The relevant provisions of the Program Law amend the governmental controls over the diamond sector and contain the legal requirements for diamond merchants to report to the Ministry of Economic Affairs on diamond inventories as well as the requirement to declare the origins of each diamond transaction. Needless to stress, this relevant part of the Program Law was mostly Kimberley Process facilitating legislation.
Article 169 §3 requires that “in order to facilitate the aforementioned governmental control of the diamond sector, each diamantaire domiciled in the Kingdom of Belgium is obligated to register himself with the Ministry of Economic Affairs, before he can engage in the professional activity of diamond trading. This also means that proof must be delivered certifying that all the formalities have been met to engage in the profession of diamond trading.” [The translation is mine – thus not official.]
The following paragraph, §4, states “the Crown will decide on the conditions, procedures, rules and authorities needed to implement the aforementioned registration”. And here is the catch: the Crown has not yet officially proclaimed what the legal prerequisites are that allow a diamantaire to register as a diamantaire. Strictly speaking, no diamantaire would be allowed to work as a diamantaire in Belgium if he didn’t first register in accordance with Article 169 of the Program Law. This, however, hasn’t prevented the smooth and continued operation of the world’s largest diamond trading center.
Now, about a year and a half later, an anti-money laundering law that imposes certain obligations on the diamond industry has come into effect. Logically, the obligations must be carried out by all locally registered diamantaires (and, though the law doesn’t specify so, we think the obligations must also apply to foreigners trading diamonds in Antwerp). So now the diamantaires find themselves in a legal vacuum: as the Crown has not yet issued the prerequisite rules to enable the registration of diamantaires, not a single diamantaire has registered.
And since the anti-money laundering laws refer solely to “registered diamantaires”, there is not a single diamantaire in Belgium to whom the law applies... Does this make sense? Of course it does. It plainly means that more regulations and clarifications have to be issued before the new law can actually be enforced. In a way, the Belgian diamantaires face a problem that has also become a concern in the United States: the law specifically excludes the activities of visiting diamantaires or of African rough traders wanting to sell their goods on the Antwerp market.

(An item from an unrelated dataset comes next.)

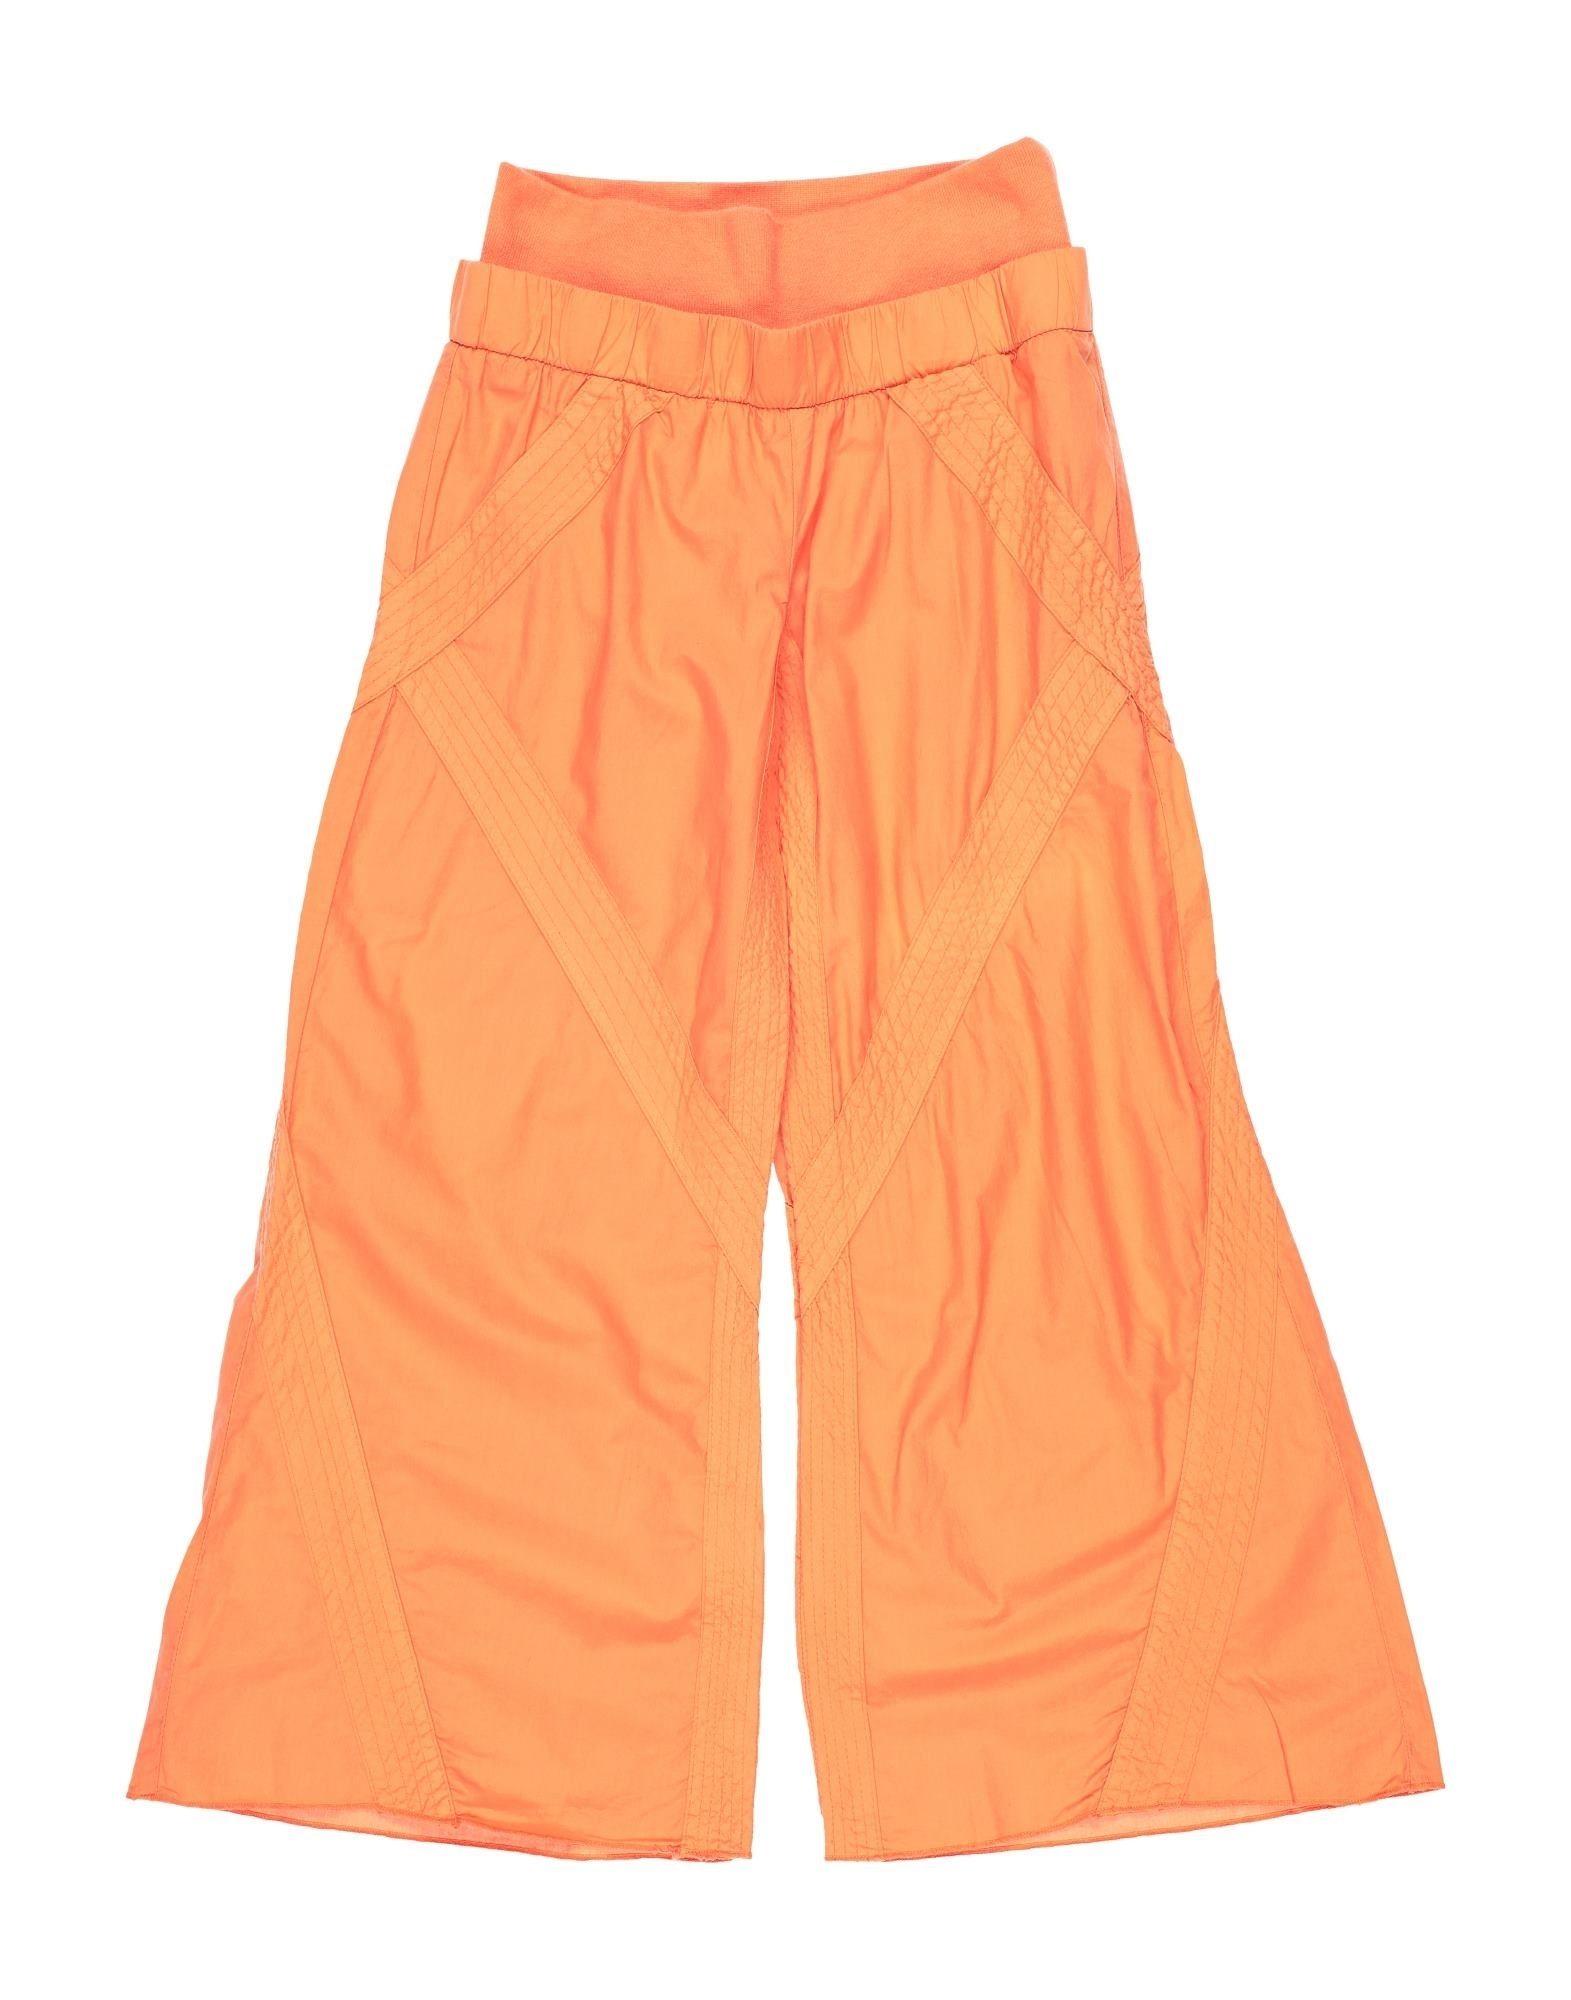 Nolita Pocket Kids' Casual Pants In Orange
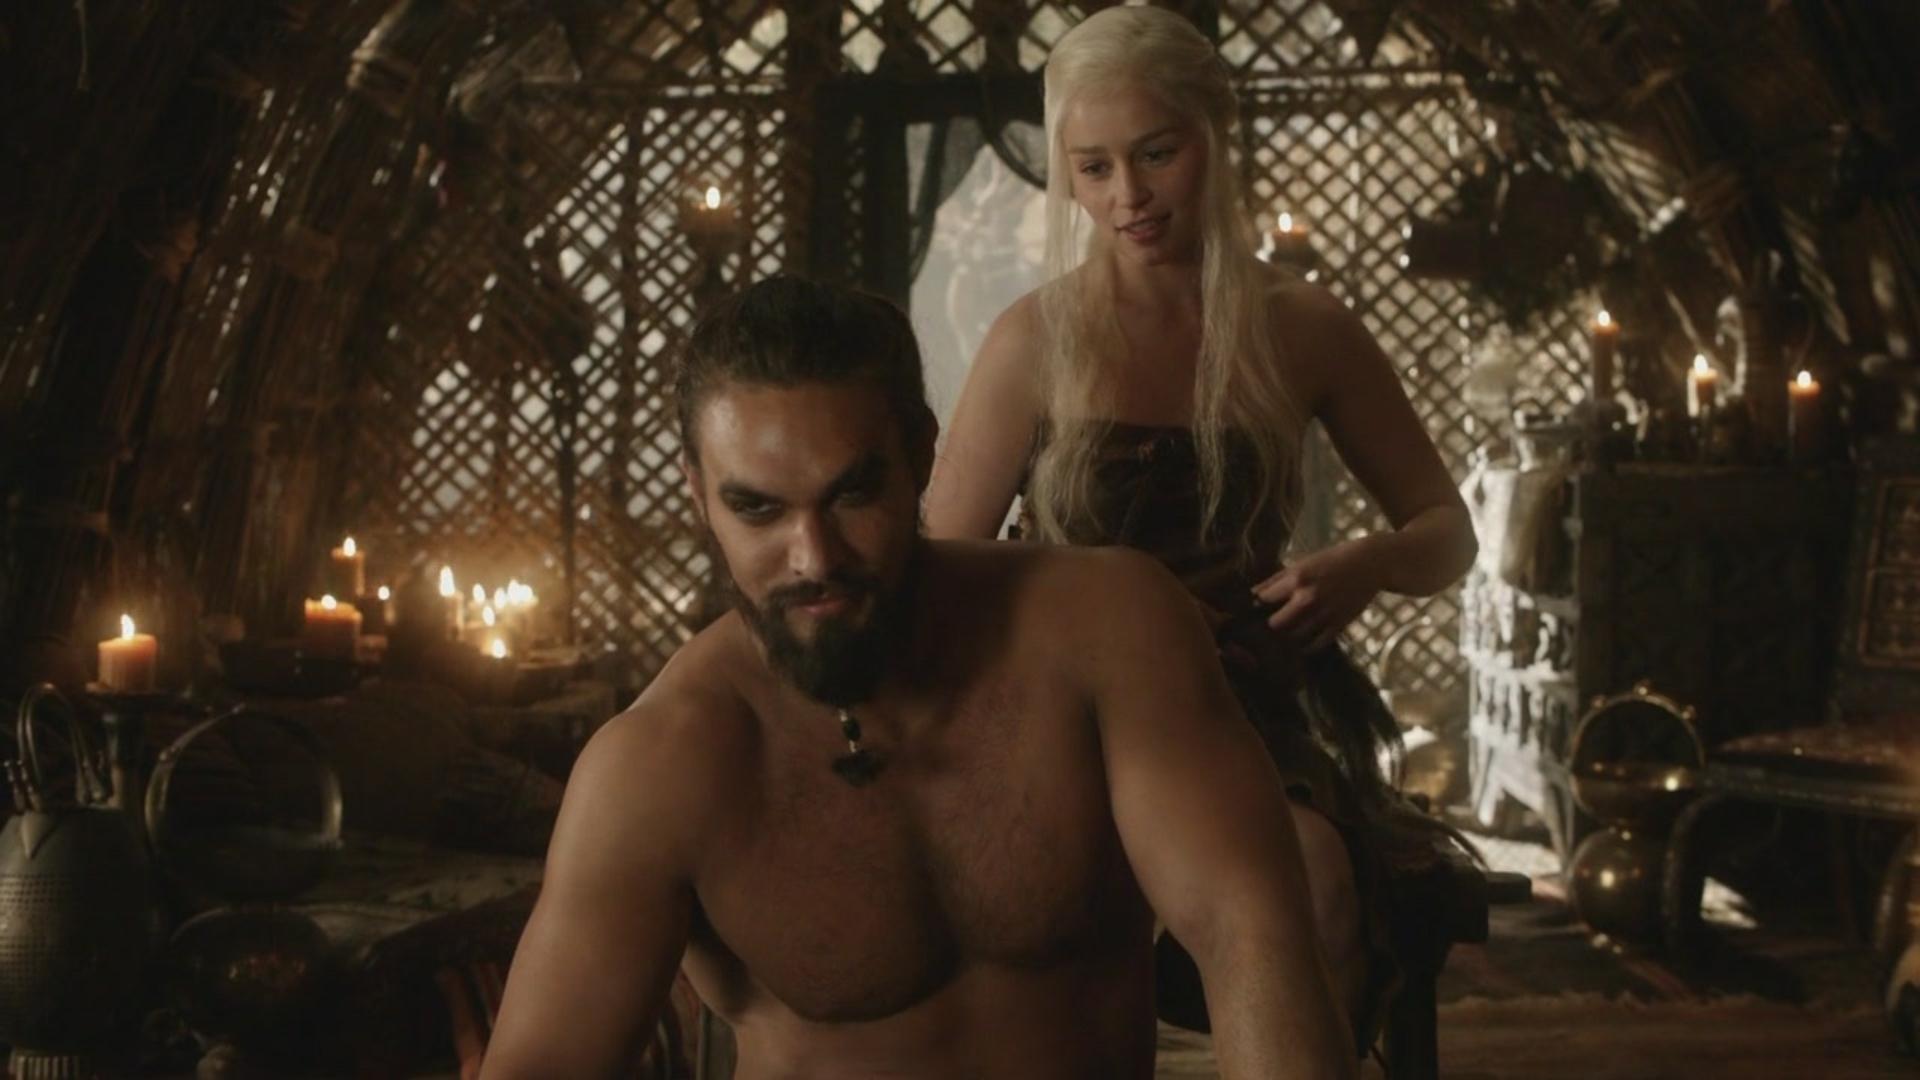 Game Of Thrones Sex Sceens photo 28

In Belgium pragmatism always prevails. If the cash-limitation does not apply to foreigners, it will somehow also be circumvented for the local diamantaires – most likely with the full approval of government. Anti-money laundering laws will not be used to create either artificial trade barriers or to grant one group a competitive advantage over others.
The fact that there is no Royal Decree yet to implement the Program Law must be seen as a technicality. The U.S. Department of State, earlier this month, expressed appreciation of the way the Belgian government has implemented anti-money laundering rules. In its report on Belgium, the State Department observes that “despite this strong legislation, Belgium remains vulnerable to money laundering”. Noting the inclusion of the diamantaires in the latest amendments, the State Department said, “This law explicitly targets the diamond trade, whose largest venue for global trading is Antwerp. The Government of Belgium seeks to close off the use of diamond trading to accomplish money laundering through this law. This is important because Belgium has already logged cases of terrorist groups attempting to use the diamond trade.”
The restrictions imposed on the diamond sector in Belgium seem more severe than those that in other European countries. We assume that, eventually a harmonization of rules will take place. The State Department, which has privileged communication channels with the Belgian government, must have good reasons to pay tribute to the Belgian efforts. The laws should be seen as providing, first and foremost, a protective umbrella over the diamond industry. The entire diamond industry – not only the Belgian center – ought to appreciate this. The law is expected to be fully implemented – as soon as the technical obstacles have been solved.